## [DATA SEGMENT]
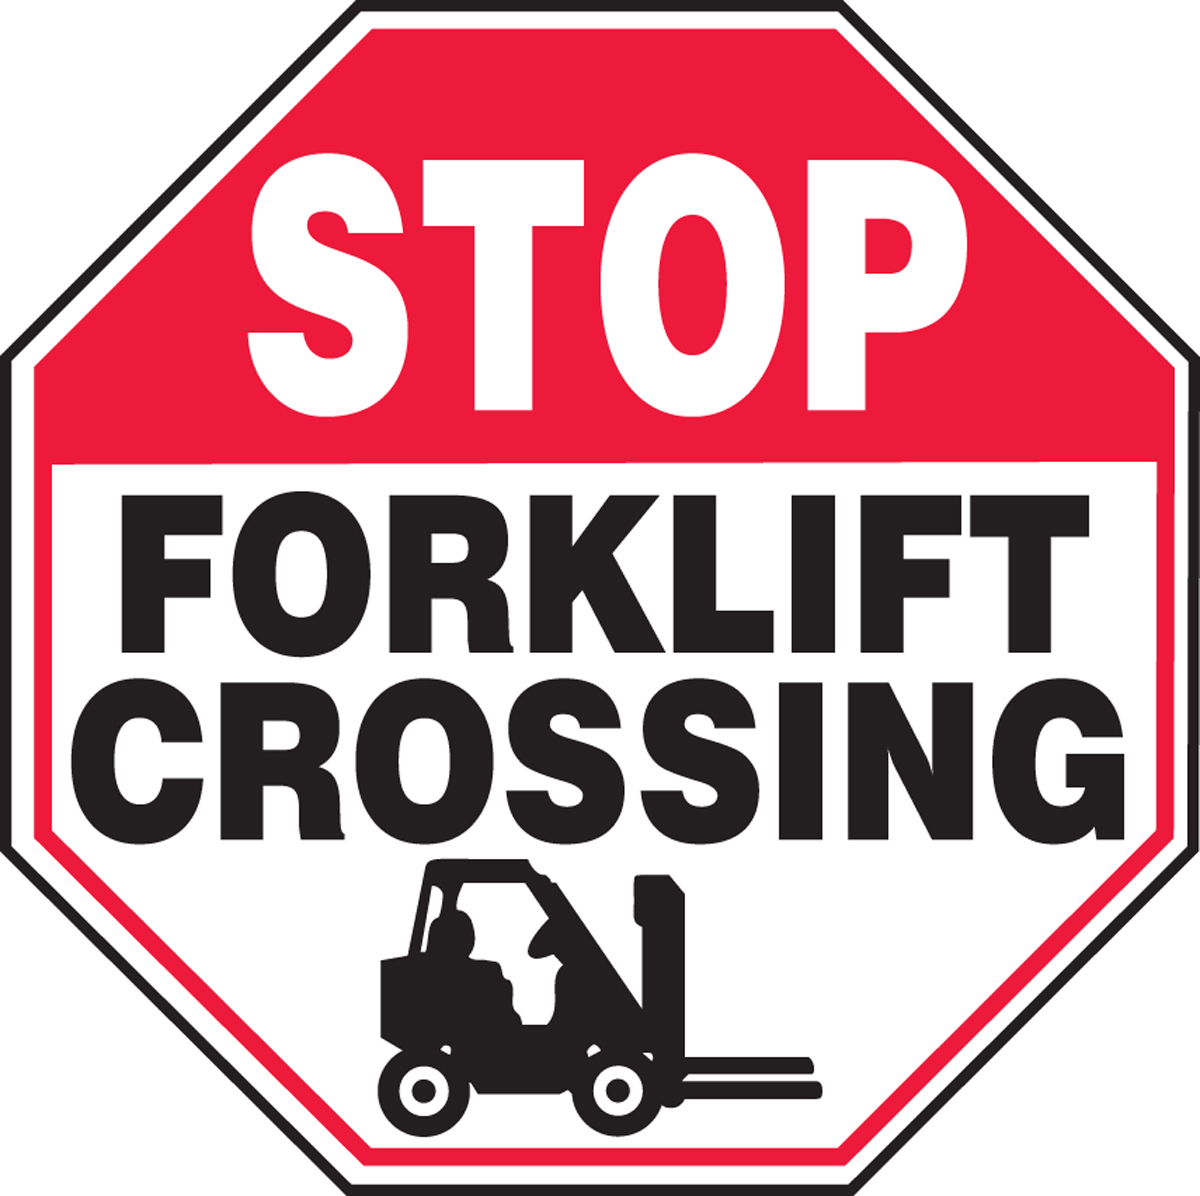 STOP FORKLIFT CROSSING (W/GRAPHIC)
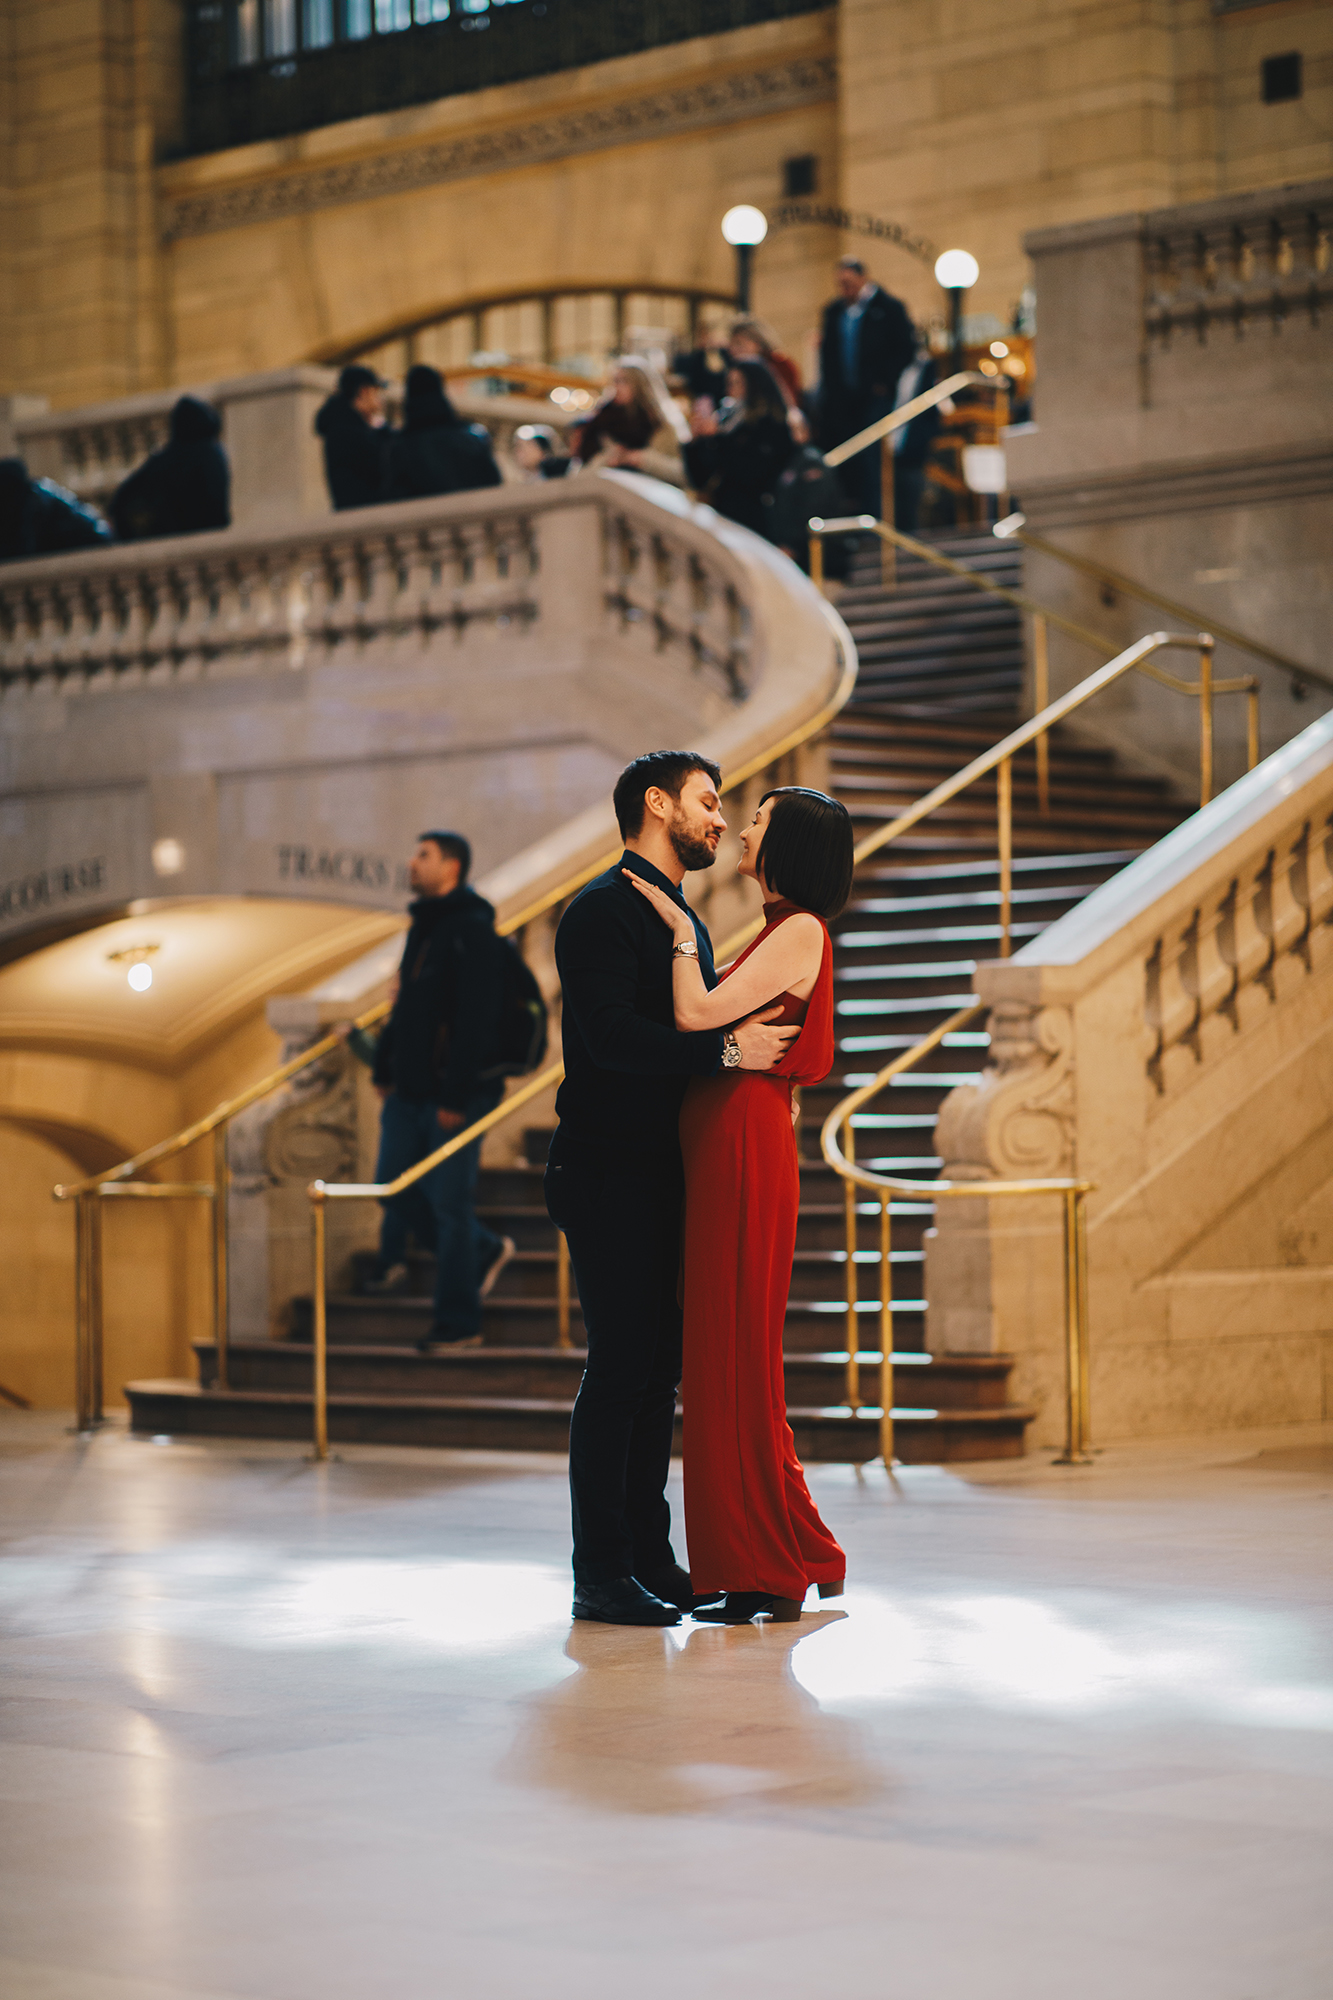 Romantic Times Square Engagement Photos and Grand Central Engagement Photography in NYC
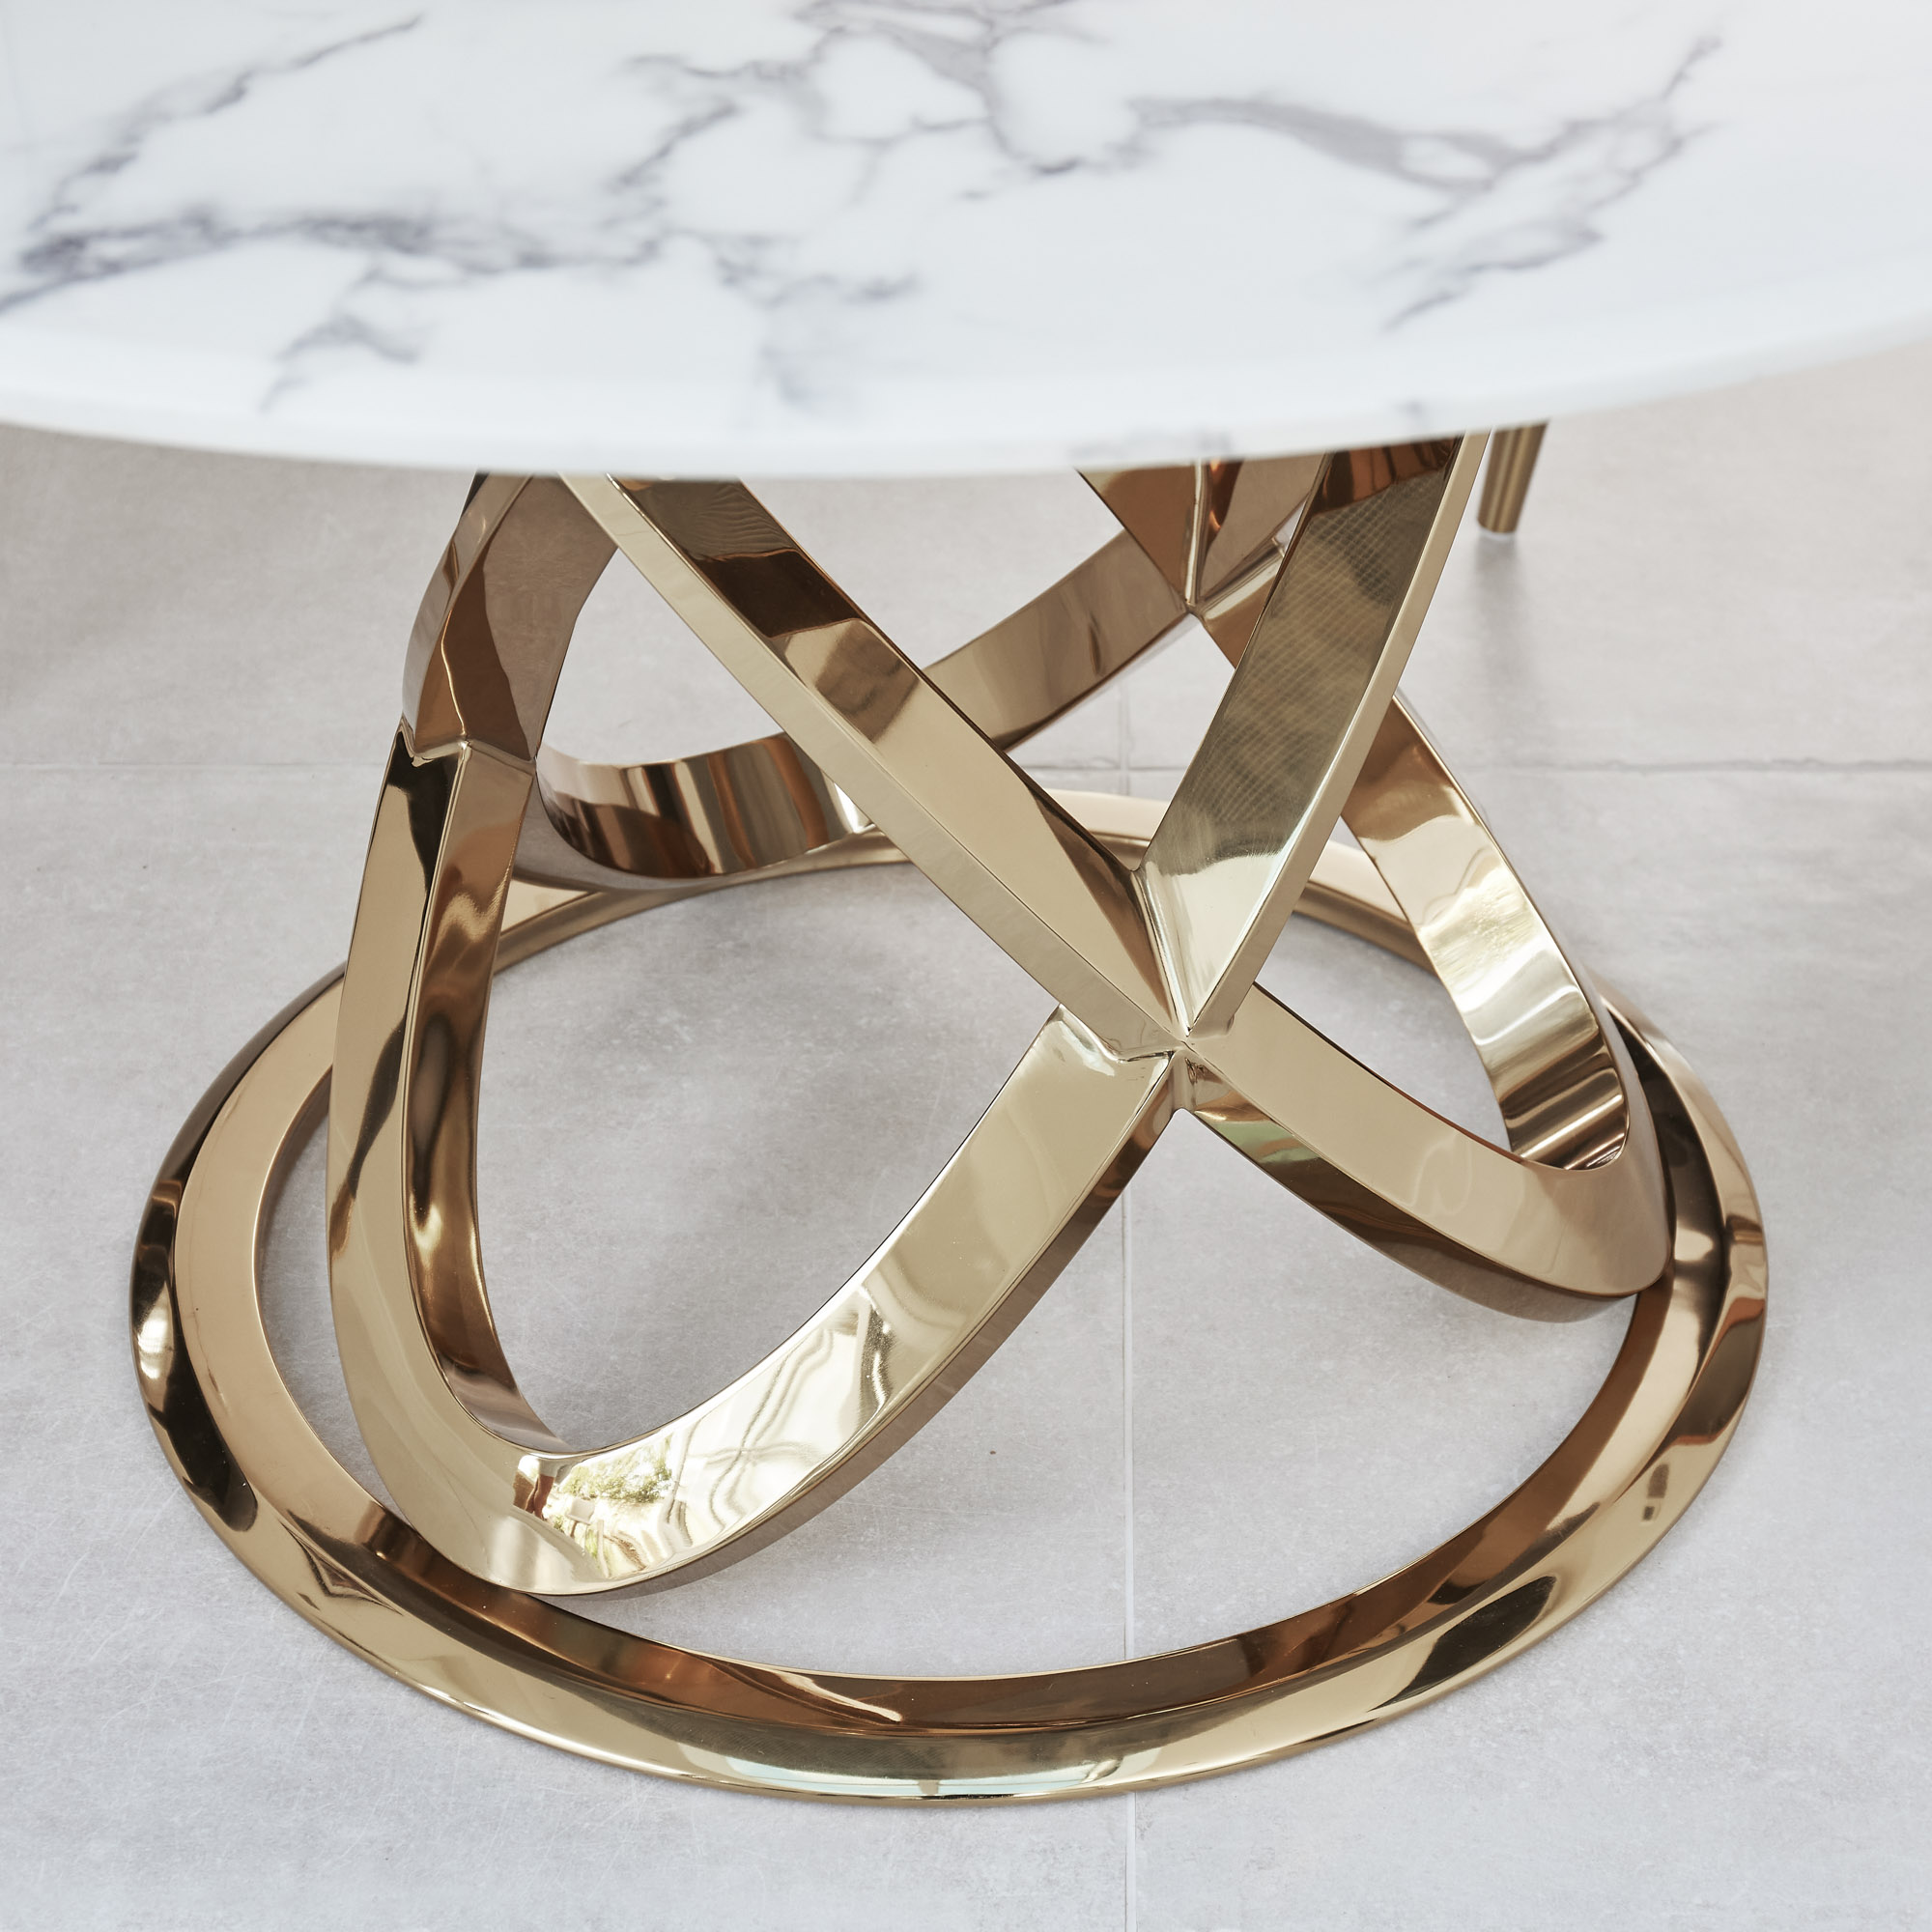 1.3M Pedestal Polished Circular Gold Stainless Steel Dining Table with White Marble Top

## [PROBLEM STATEMENT]
Reproduce exactly, and only, the lines from the one with "Romantic Times Square" to the final line of the listing above; the pictures are to be left out.

## [ANSWER FOR THIS EXERCISE]
 Romantic Times Square Engagement Photos and Grand Central Engagement Photography in NYC
 1.3M Pedestal Polished Circular Gold Stainless Steel Dining Table with White Marble Top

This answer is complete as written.